Unser Hund ist an für sich ein klasse Hund.
Er hört aufs Wort und ist einfach super lieb, interessiert und lernwillig.
ABER er ist total fixiert auf unsere Mutter. Sie ist die die immer mit ihm spazieren geht, die ihn füttert, die mit ihm zum Hundetraining geht und die abends bei ihm ist. (Ich selbst wohne nicht mehr zu Hause, bin aber alle zwei Wochenende da, mein Bruder und mein Vater sind zu Hause) Wenn man mit ihm spazieren gehen möchte, wenn sie zu Hause ist muss man ihn regelrecht mitziehen und er reißt sich sogar aus seinem Halsband raus. Er weint solange bis man aus Sichtweite des Hauses ist. Danach geht es und man kann ihn dann auch super frei laufen lassen, ohne dass er nach Hause rennt. Aber sobald es wieder Richtung Heimat geht zieht er wieder und grüßt meine Mutter, als hätte er sie 3 Jahre nicht mehr gesehen. Genau so ist es, wenn man ein bisschen zeckert. Wenn meine Mutter und ich uns kabbeln wird er richtig böse und geht dazwischen. Er hat zwar noch nicht zugebissen, aber er wird doch ziemlich motzig mit ihrem Gegenüber.

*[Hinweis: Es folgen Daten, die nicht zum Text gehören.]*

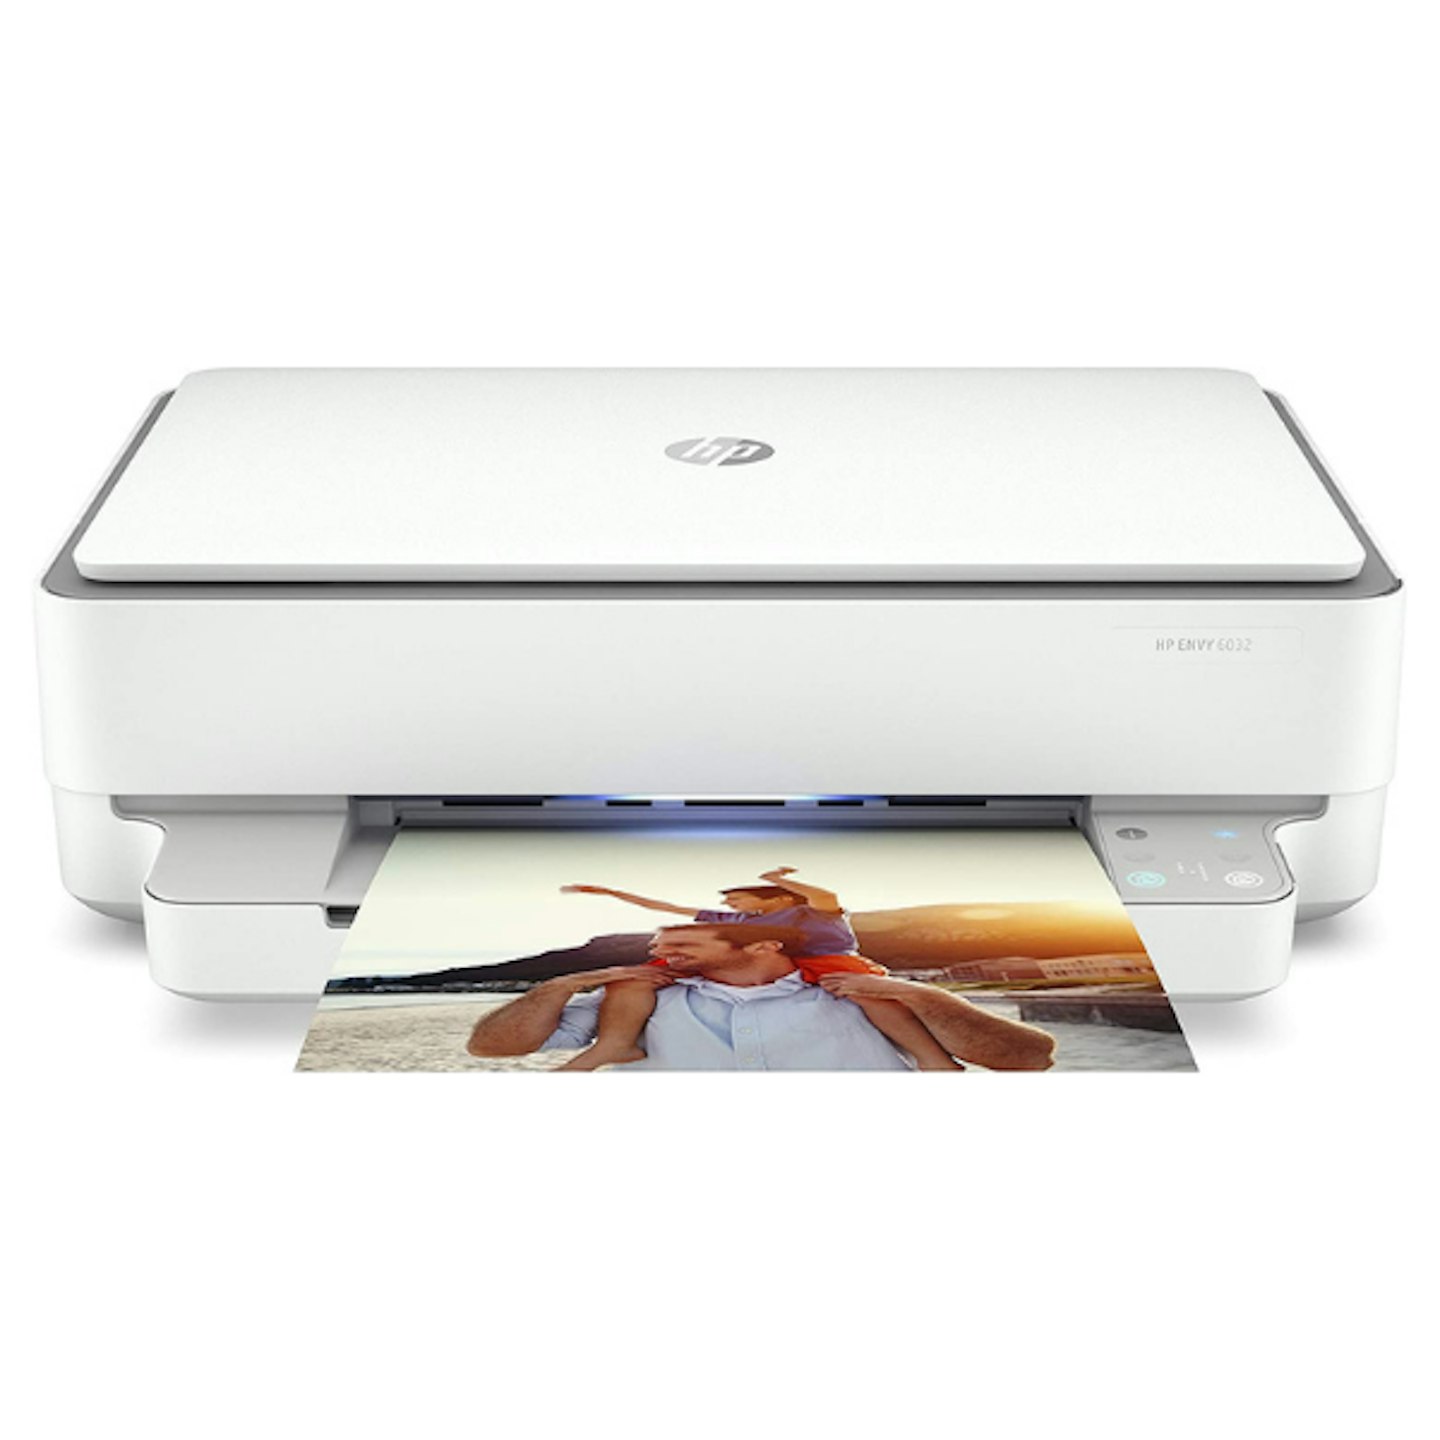 HP ENVY 6032e Printer
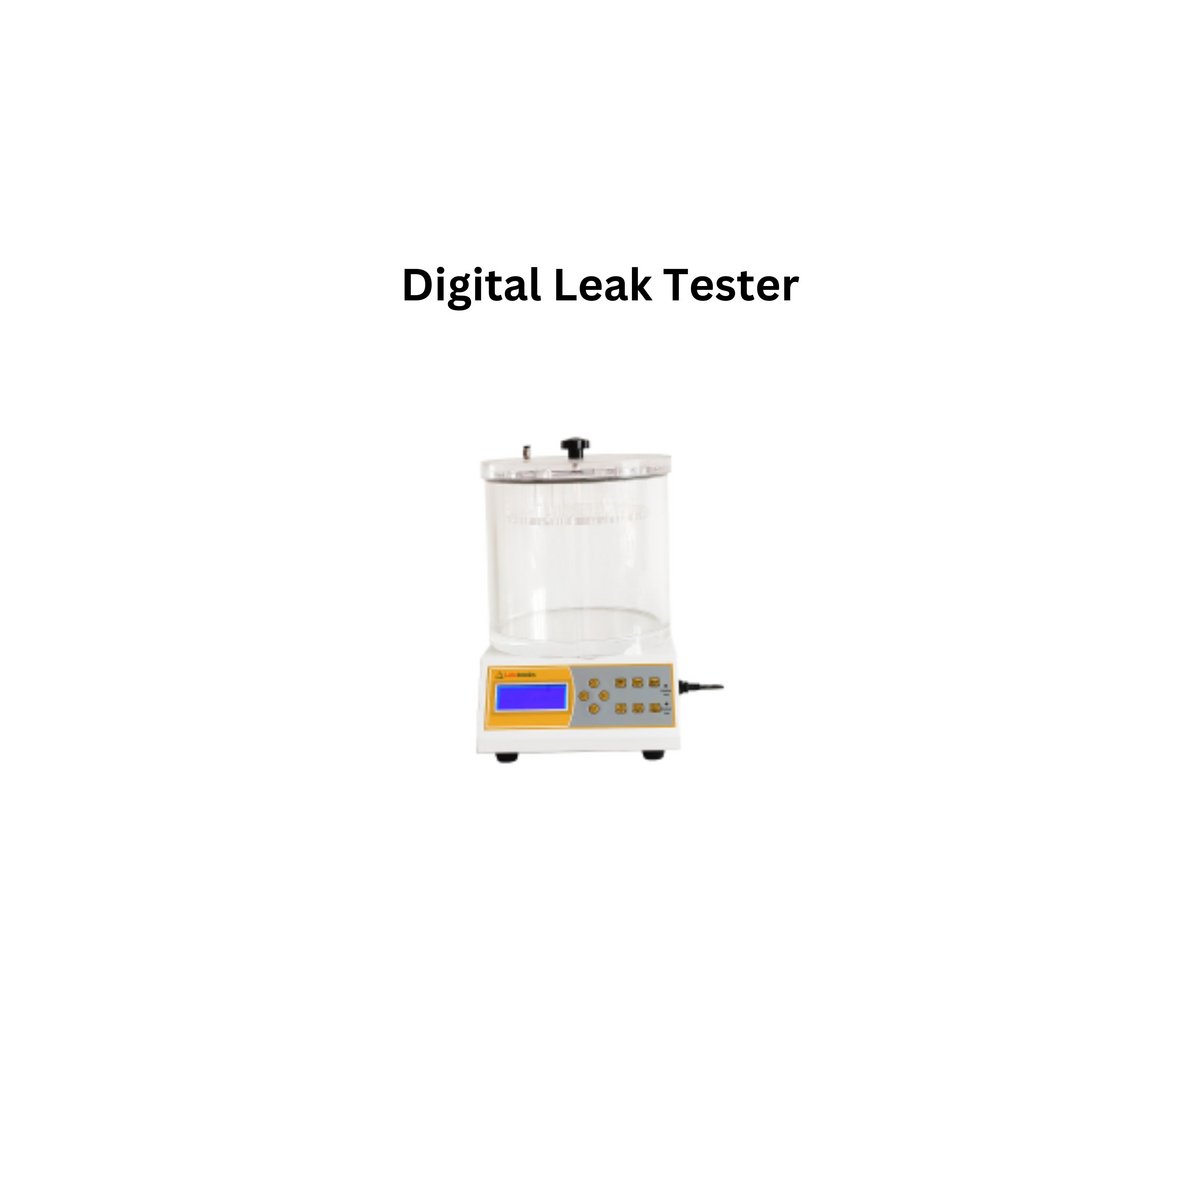 Digital Leak Tester.jpg

Er folgt ihr auf Schritt und Tritt. Wenn man mit ihm auf der Couch sitzt und meine Mutter aufsteht um ins Bad zu gehen, hängt er sofort dahinter und wartet vor der Tür, bis sie wieder draußen ist. Wenn sie einen Tag nicht zu Hause ist, liegt er immer auf dem selben Platz und wartet auf sie. Wie es jetzt ist, wenn niemand zuHause ist weiß ich nicht,. aber ich kann mir vorstellen, dass er dann viel weint.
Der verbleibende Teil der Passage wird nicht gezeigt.